══ PROVIDED DATA

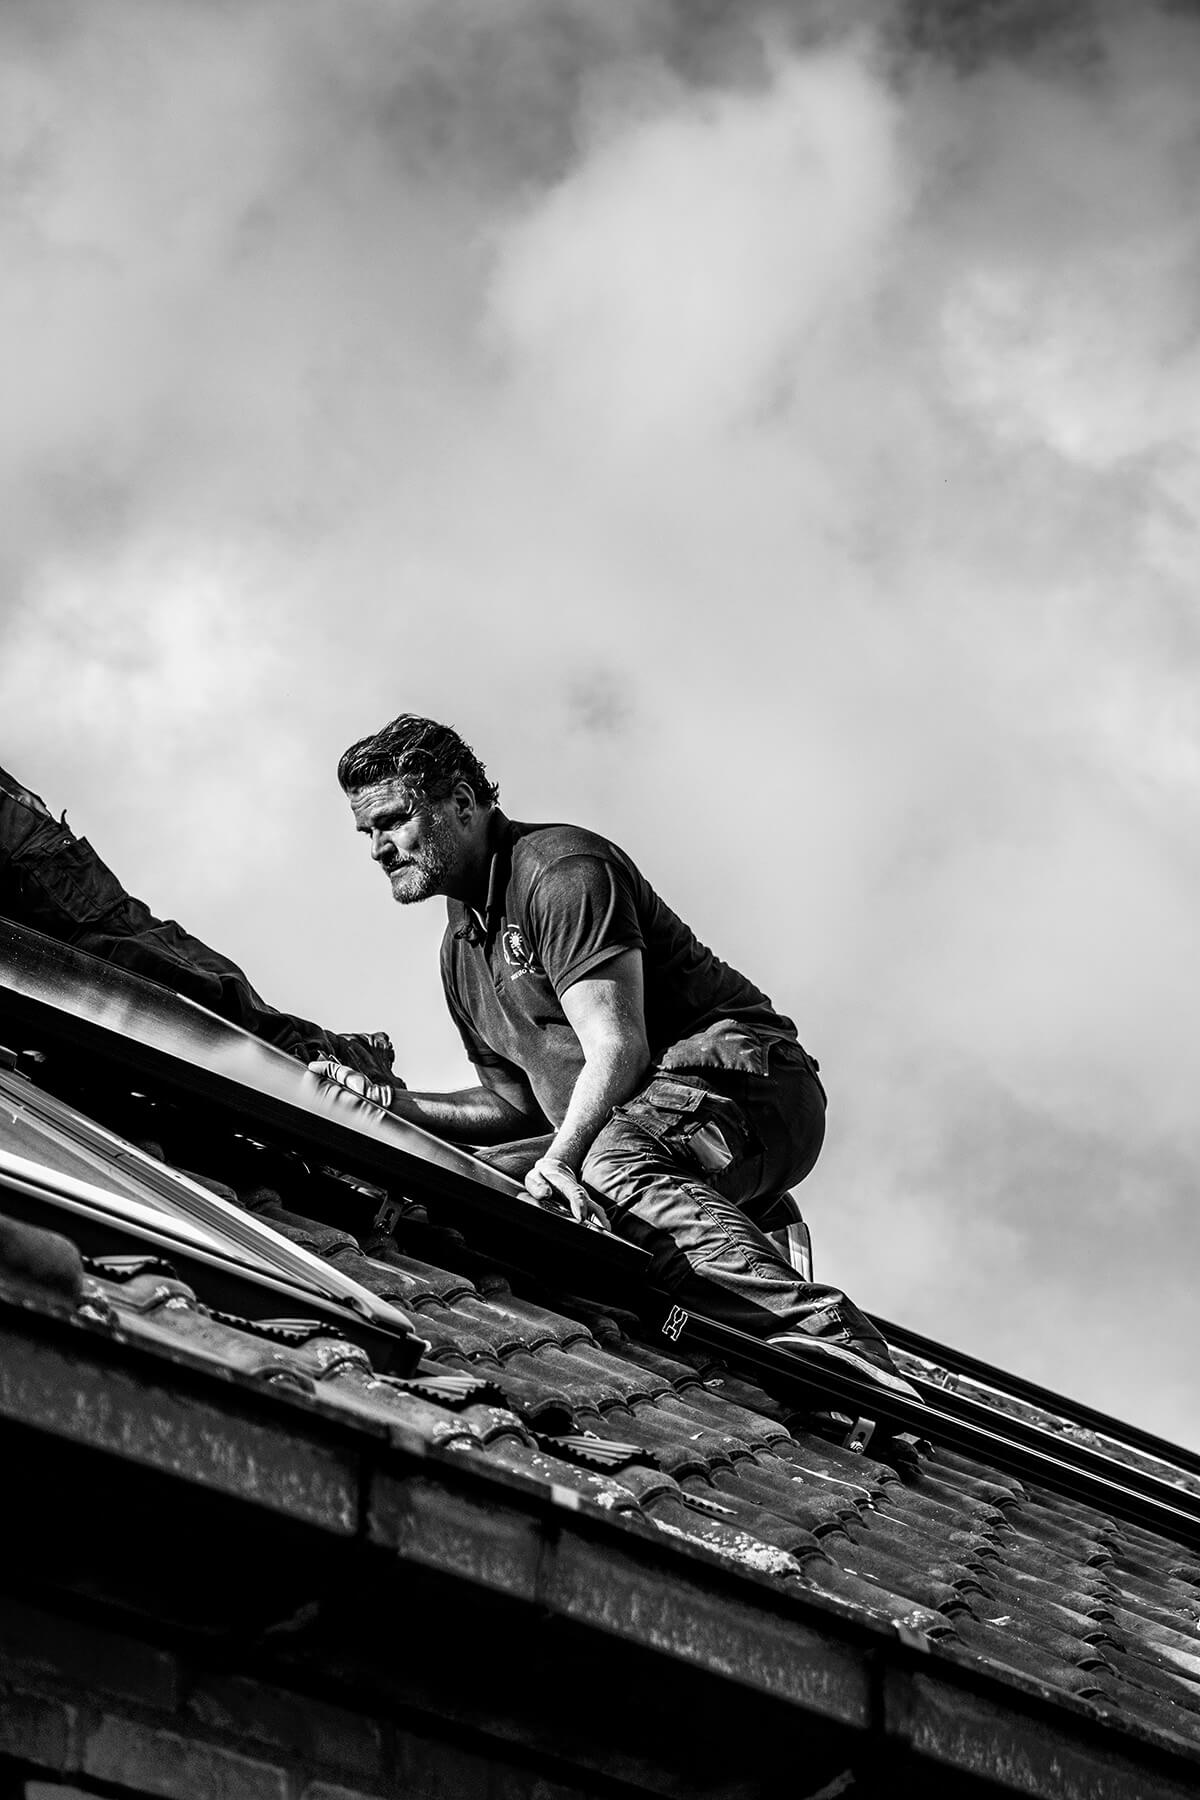 Zonnepanelen installateur houdt zonnepaneel op zijn plaats op een steil dak in zwart wit.
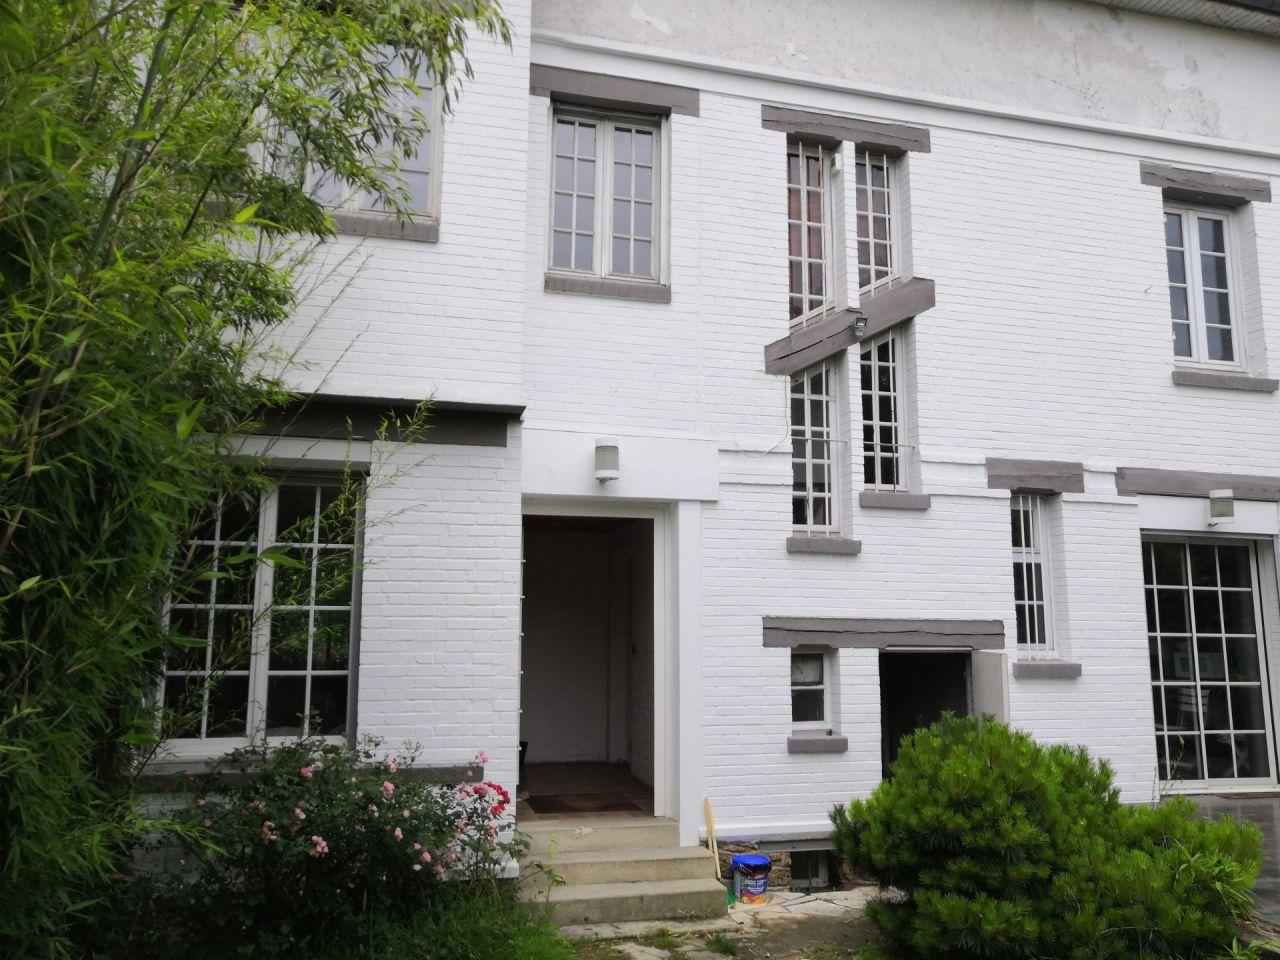 Sur le côté intérieur de la parcelle, la façade est en briques.
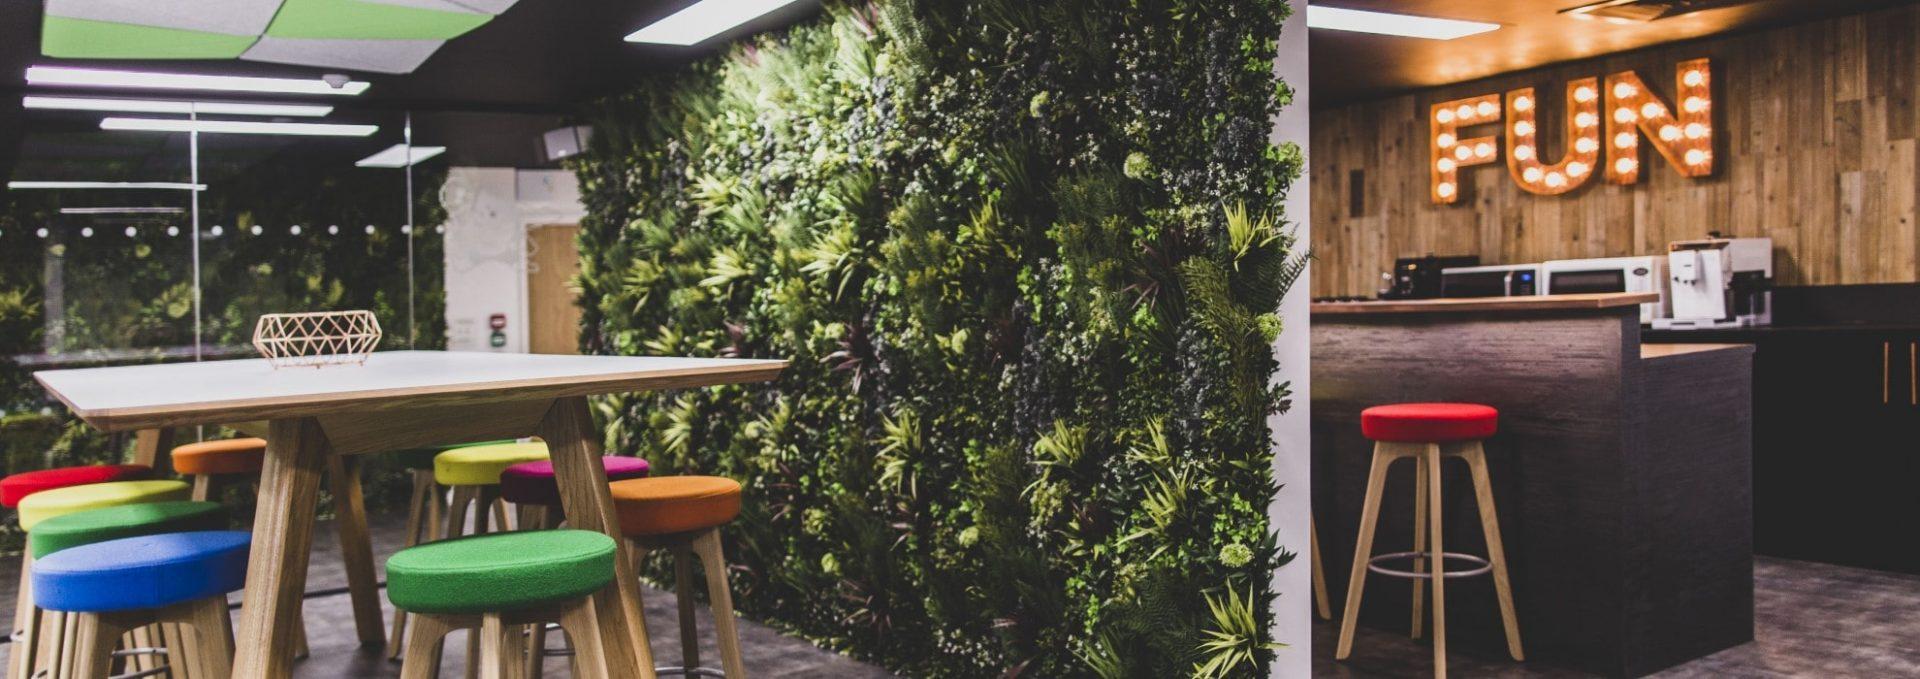 Elegant Green Walls

════

## ACTIVITY
Repeat the listing word for word. Leave images out.

## WRITTEN ANSWER
 Zonnepanelen installateur houdt zonnepaneel op zijn plaats op een steil dak in zwart wit.
 Sur le côté intérieur de la parcelle, la façade est en briques.
 Elegant Green Walls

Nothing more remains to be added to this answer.